According to Eis, promoting innovation in the product’s design, manufacture and delivery has helped to generate “a surge in new mattress purchases. But that’s not to say the market isn’t sustainable. The number of mattresses people sleep on will not change, and so it’s rather about capturing those who are considering a new purchase.”

“Online can have several players,” Bagniewski believes.
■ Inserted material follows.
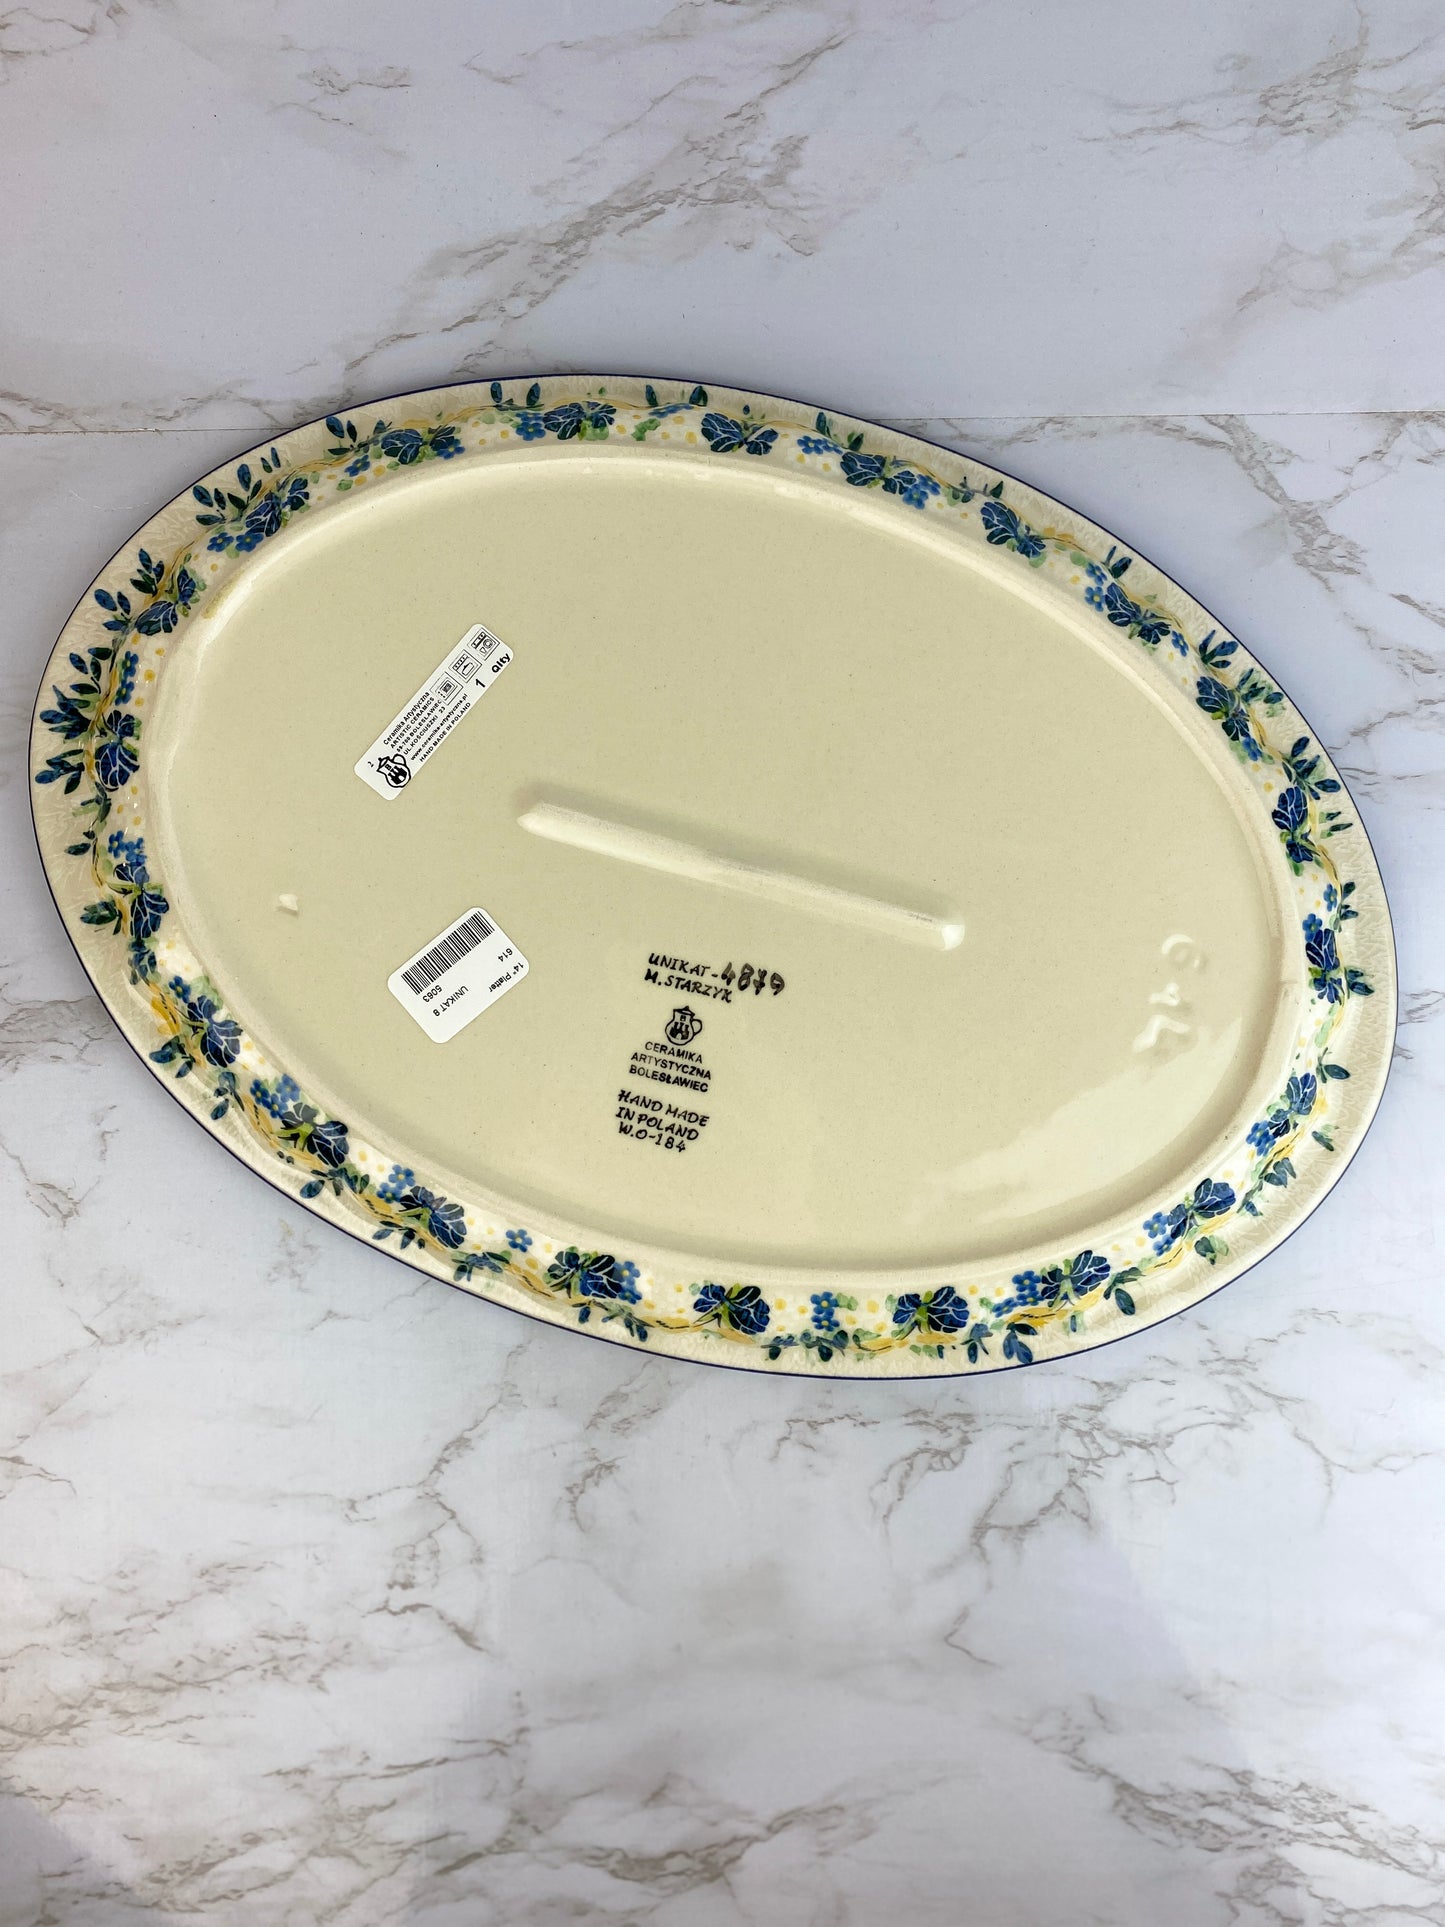 Unikat Oval Platter - Shape 614 - Pattern U4879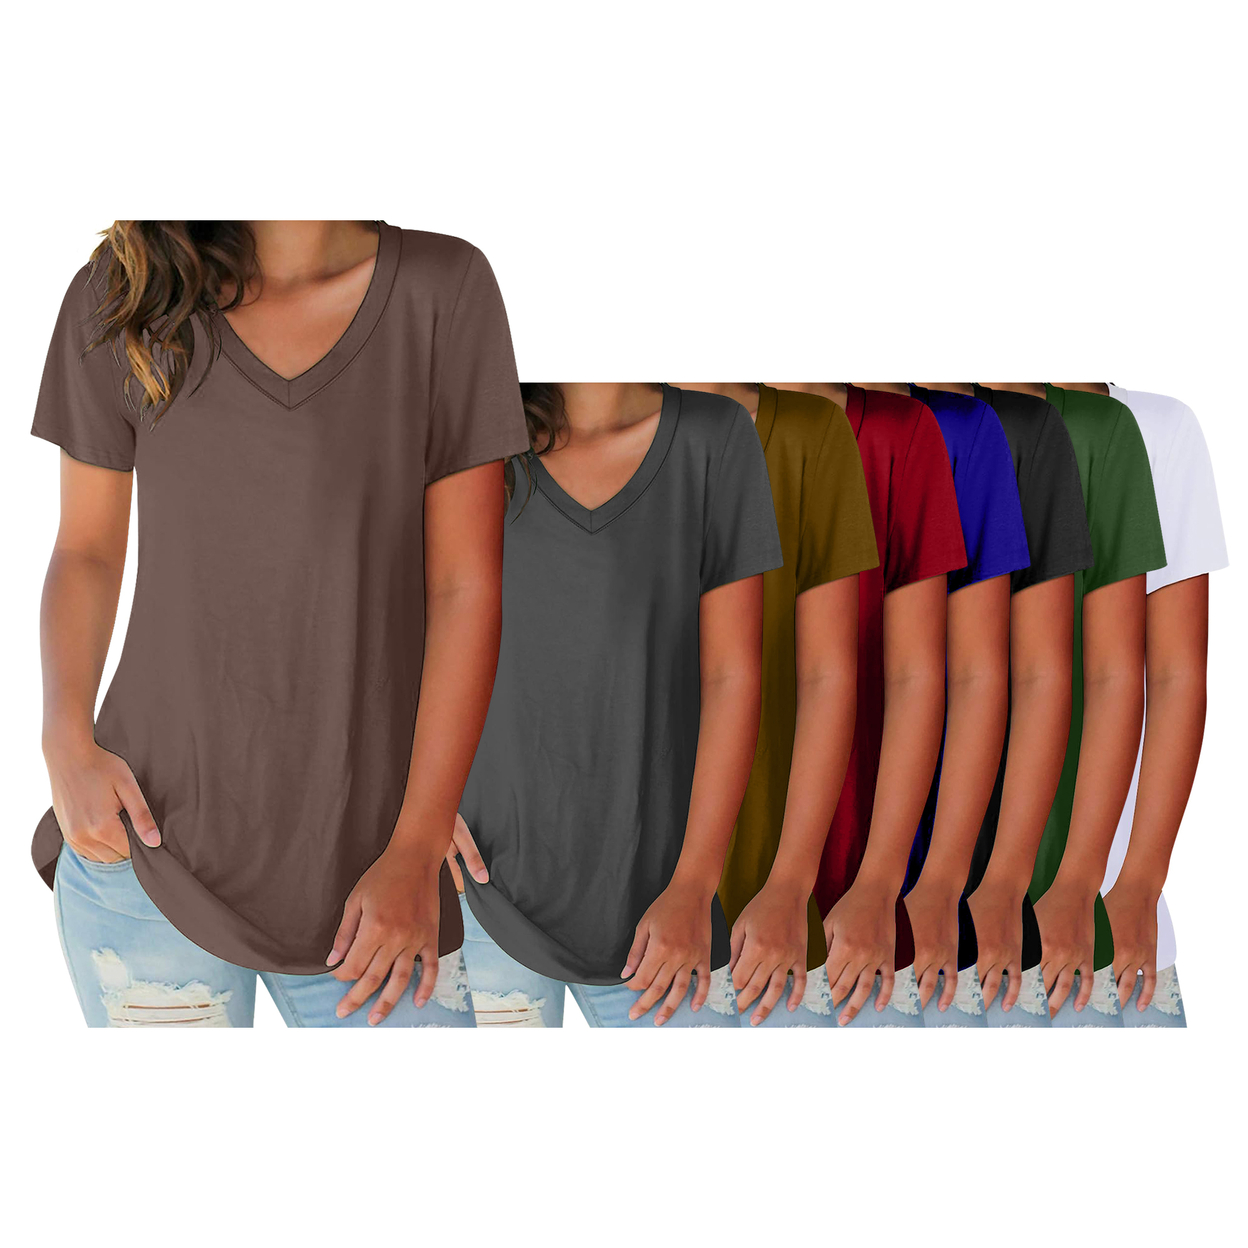 Women's Ultra-Soft Smooth Cotton Blend Basic V-Neck Short Sleeve Shirts - Black, Medium

He notes that there are several multibillion dollar companies in the “offline” mattress world and doesn’t see why online should be any different, particularly in a global industry worth $30bn.

On the question of a customer base, he believes Eve’s are not too different to the industry standard, with a large portion consisting of homeowners over the age of 35.

However, he sees two types of consumer: one is more “rational”, following the seven-year replacement “rule”; the other is more attracted by the technological and branding elements of online mattress companies.

Eis claims that Casper has “seen huge interest from young, urban professionals” more eager to purchase online, while Cox adds that Simba also sells their product in John Lewis in order to meet other customers.

It seems, then, that branding has played a decent-sized role in attracting people to the idea of purchasing a mattress sight unseen – those podcasts and Tube posters have paid off.

But so have other trends, as all these companies believe (and promote the notion) that people are placing greater value on the importance of sleep as an element of their lifestyle and wellbeing. Casper has even gone so far as to launch Van Winkle’s, an independent publication that writes full-time about sleep.

And in a world that delivers everything from marijuana to production studios, why not mattresses? In the future, when mobsters decide to go to the mattresses, the mattresses might instead come to them.